28-year-old Eduardo Cruz-Aragon is a Mexican American student born and raised in Merced, CA. He is a first-generation student and the youngest of two.
Eduardo’s parents migrated to the United States in pursuit of a better future for their family. Growing up, his parents worked long hours in the Central Valley’s crop fields to make ends meet.
At the age of 15 during school summer vacation, Eduardo worked alongside his parents picking tomato to help support their family. Even though Eduardos parents did not obtain a higher education, they always stressed the importance of his education and as soon as school started back up again they’d send him back to school.
Growing up, Eduardo was not very fond of his academics. There came a time where he contemplated dropping out of high school and working full-time alongside his parents.
Eduardo’s parents knew he was capable of doing much more than fieldwork, they encouraged him to complete his high school education. With a lot of work and resilience, Eduardo graduated high school with a 2.3 GPA.
After graduating high school, he decided to register for classes at Merced College in hopes of obtaining an associate degree. One day, he decided he was going to take a chemistry course as part of his general education. With reservation, he attended his first class and the rest was history.
Out of all subjects Eduardo had taken throughout his life, chemistry was the one that held his interest. Eduardo decided to take on his newfound interest and roll with it. After a couple of years at Merced College and many science classes later, Eduardo transferred to UC Merced.
During his time at UC Merced, Eduardo joined the optometry club, reached out to local clinics in his community, and got involved with volunteer services. After three years, Eduardo graduated from U.C. Merced with a Bachelor of Science in Human Biology and was admitted to Western University of Health Sciences where he is currently in his second year of medical school.
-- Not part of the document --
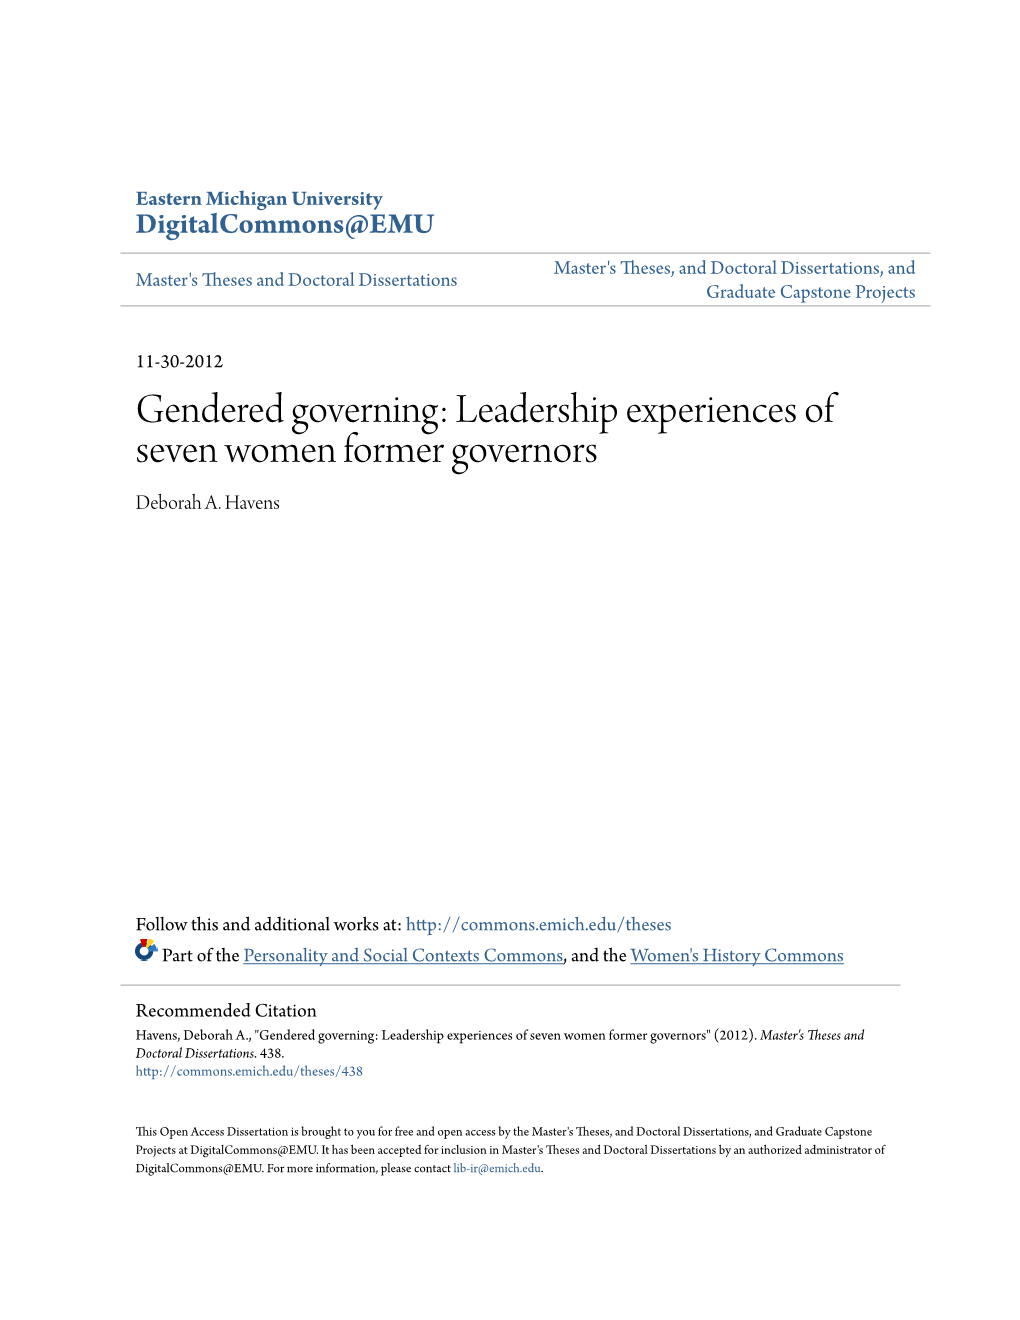 Gendered Governing: Leadership Experiences of Seven Women Former Governors Deborah A

“Being a first-generation student and the first in the family to pursue a doctorate degree has not been easy but has been very rewarding, Merced has a shortage of doctors and physicians, several Merced residents choose to pursue a doctorate degree but only a very few come back to give back to our community”, Eduardo said.
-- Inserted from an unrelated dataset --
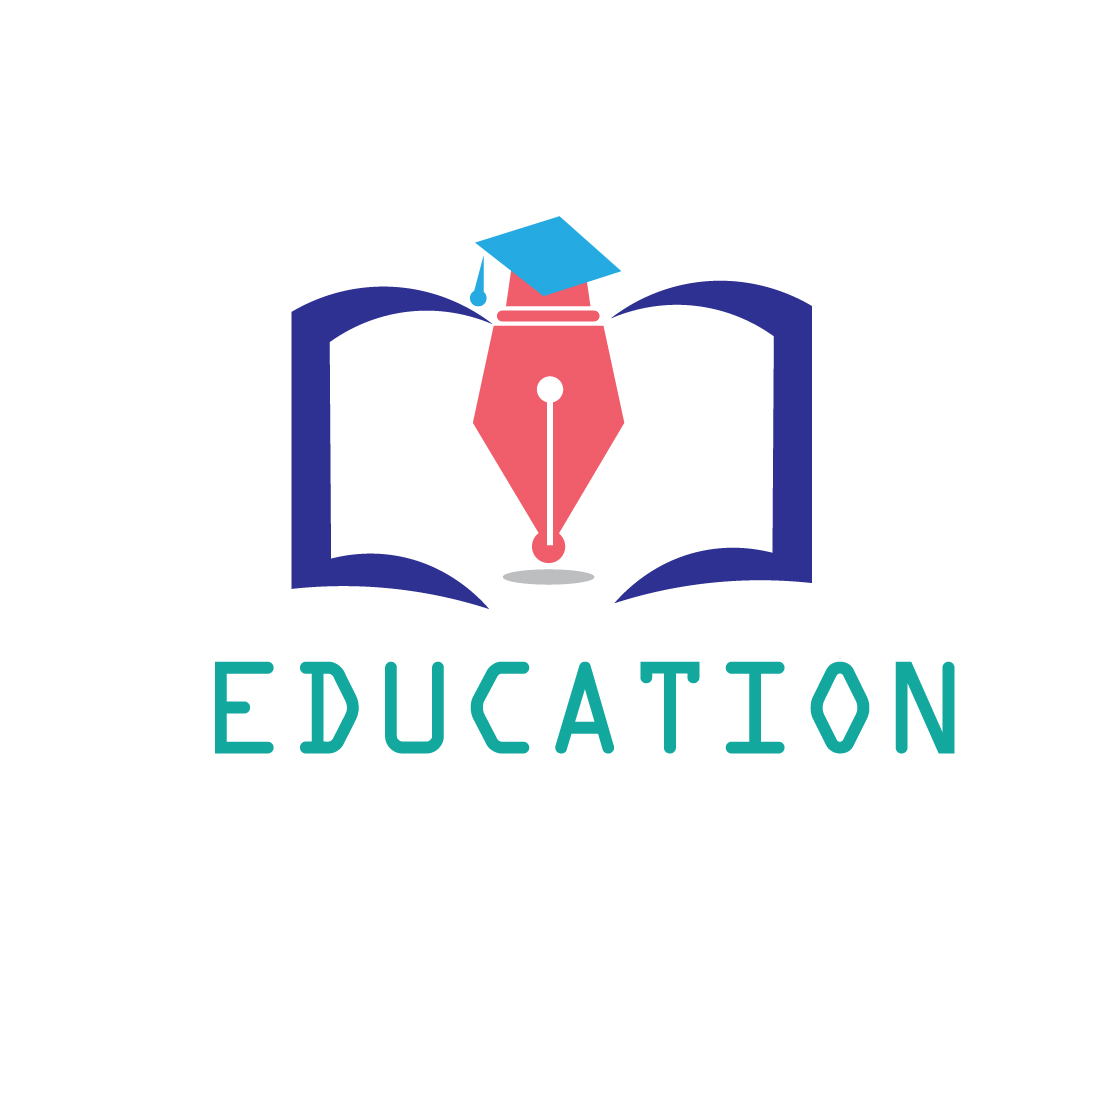 education or graduate logo cover image.

Upon graduating, Eduardo plans to return to the Central Valley and advocate for minority students who were once like him wishing to pursue a degree in the medical field but having minimal resources and role models to look up to.
Eduardo is a strong advocate in giving back to the community that helped reform his view on education. He is sharing his story today to provide words of encouragement to students who might need them and to remind everyone that the only limits that exist are those we set upon ourselves.